Another trap past students have fallen into is dismissing the Posen and Ross strategies as “dated.” They go on to talk about issues two, three, or more levels below grand strategy, again demonstrating a failure to understand grand strategy. Professionals still study Sun Tzu (circa 500 BC), Thucydides (460 BC - 395 BC), and Clausewitz (1780 AD - 1831 AD). Dated? Sure. Valued? Professionals think so.
Still, if you have the urge, read the document from 2008 document from the Center for a New American Security, Finding Our Way: Debating American Grand Strategy. It’s newer, post-9/11, it’s three times longer than Posen and Ross, and it lists the same strategy alternatives that Posen and Ross listed twelve years earlier: isolationism, selective engagement, primacy, and cooperative security (p. 17). The same taxonomy can be used to describe U.S. behavior from the birth of the nation to the present. This is called old wine in a new bottle.
Required Reading
- Worley chapter 6 Post-Cold War Strategy [pp. 165-175]

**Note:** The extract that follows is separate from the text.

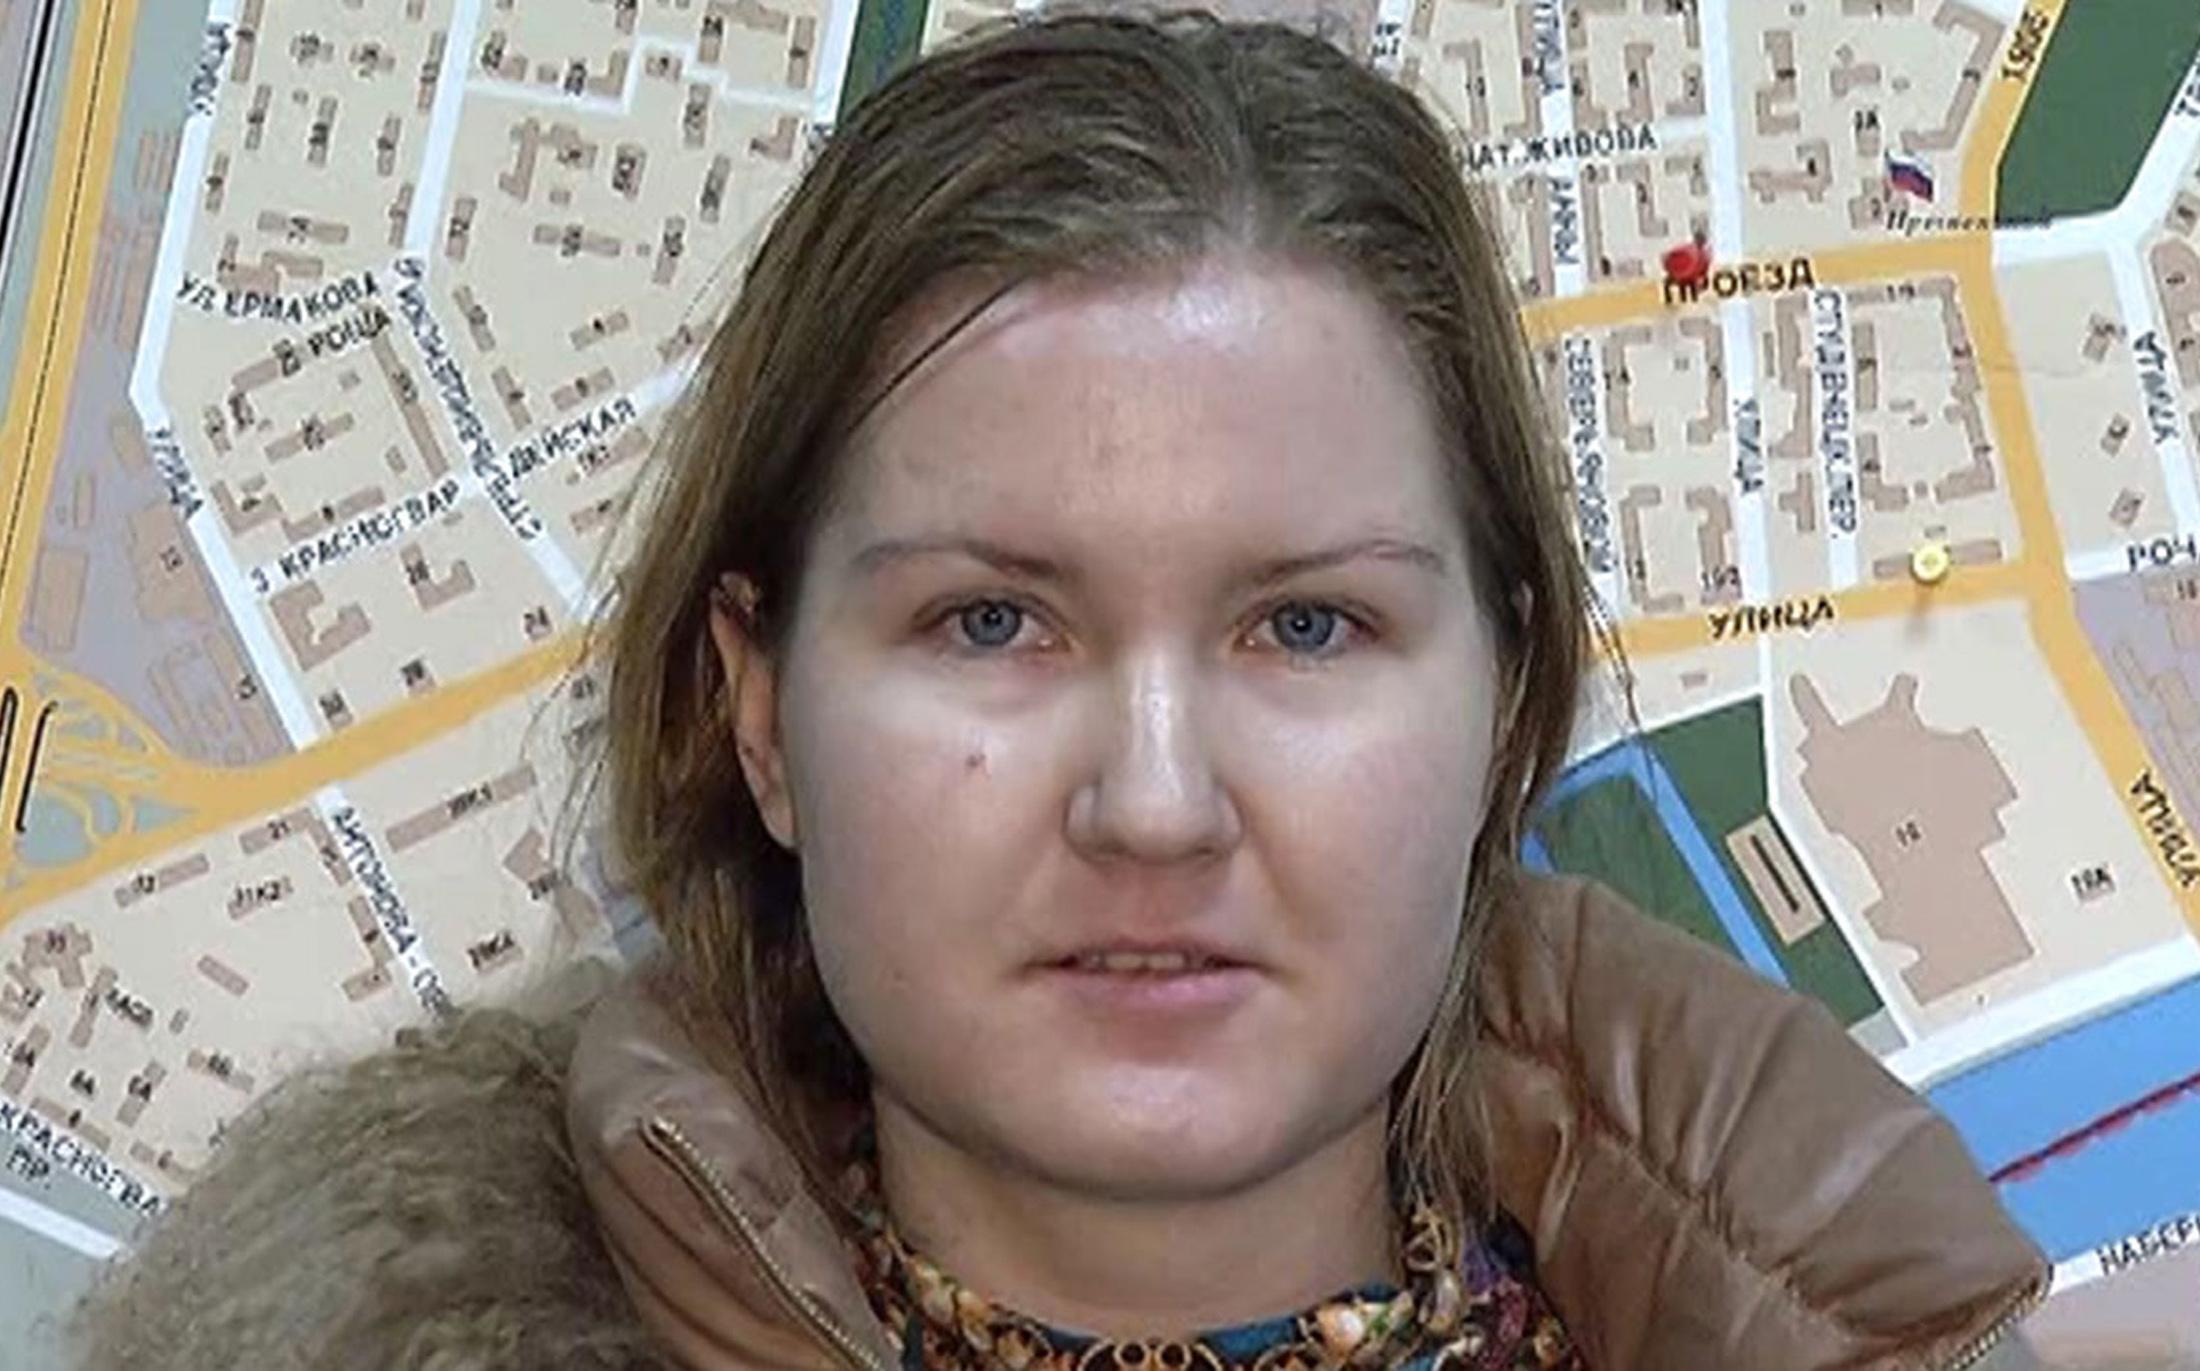 Девушка, подозреваемая в нападении на Олега Шеина. <br> Фотография: Пресс-служба ГУ МВД РФ
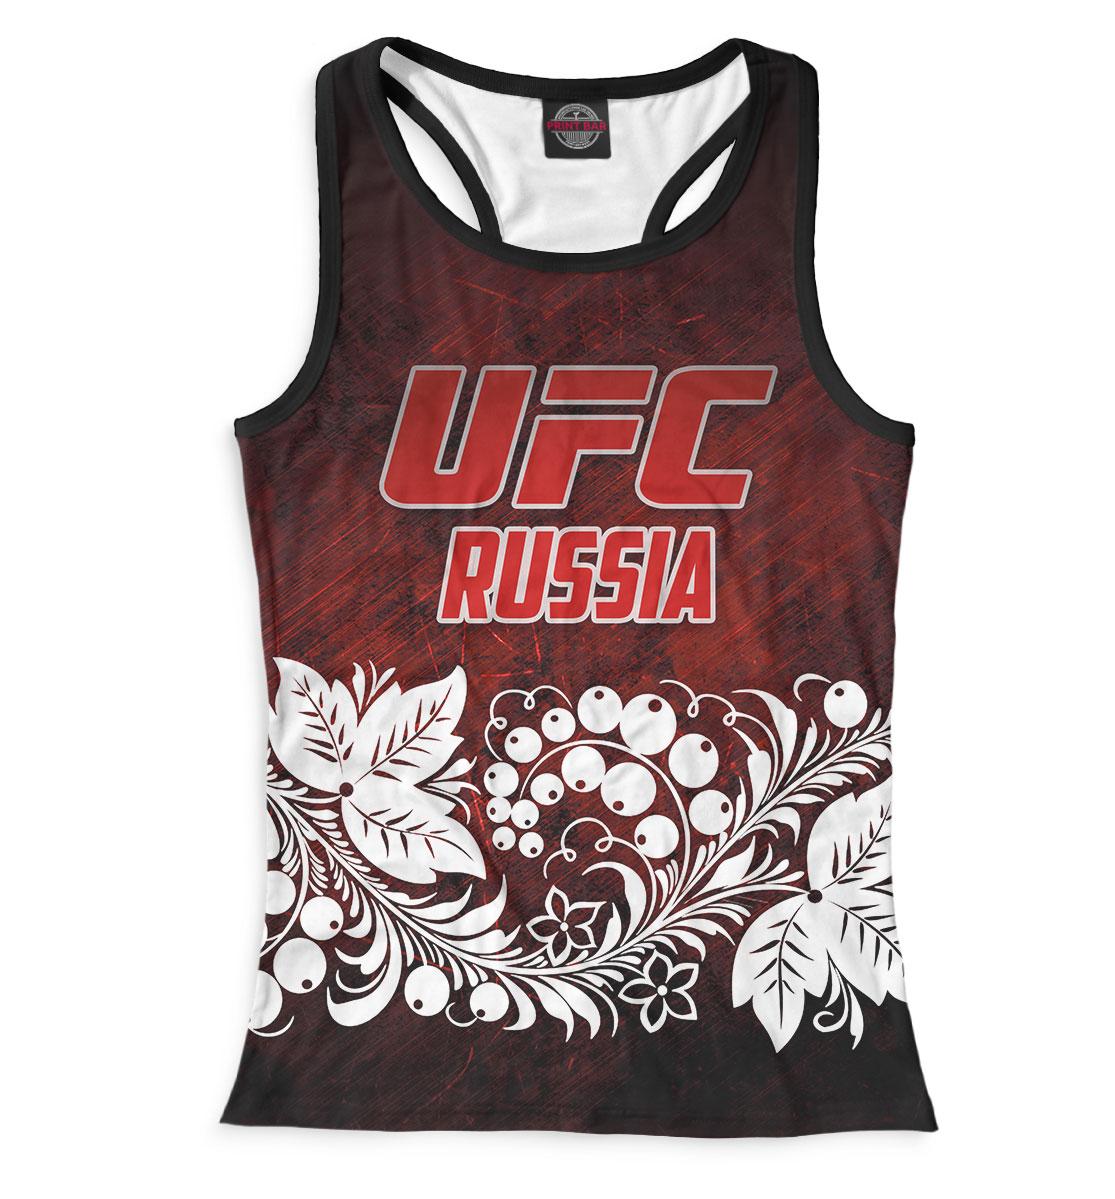 Купить UFC Russia, Printbar, Майки борцовки, MNU-613848-mayb-1

- Posen and Ross article from International Security
Optional Reading
- See Resources folder.
- Finding Our Way: Debating American Grand Strategy. It might be useful to read pp. 11-20 to reinforce the information in chapter 4, The Meaning of Grand Strategy.
Discussion Questions
DQ 1. 21st Century Strategy: Dealing with militant Islam is but a single issue of American national security. Considering the entirety of U.S. national security issues, which of the post-Cold War strategy alternatives provides the best starting point for 21st Century grand strategy? Why?
DQ 2. Were predictions accurate?Strategies are based on theoretical cause-and-effect relationships. A theory's validity can be judged by its ability to predict the consequences of action. Assuming that the United States adopted a beyond-primacy strategy after 9/11, discuss the theories embedded in the strategic alternatives and their ability to predict the consequences of the beyond-primacy strategy (post 9/11 behavior and the invasion of Iraq). I.e., did the predictions made in Posen and Ross come true?
DQ 3. Realism and Strategy: Connect the national security strategies from Posen and Ross to the different forms of realism presented in the international relations material.
DQ 4. Idealism and Strategy: Connect the national security strategies from Posen and Ross to the different forms of idealism/liberalism presented in the international relations material.
Lessons Learned
Submit a 350-word summary of what you have learned from this unit’s assignments, readings, and discussions and how they relate to your learning experience and work environment. Include all assigned reading, not just the reading associated with the DQs.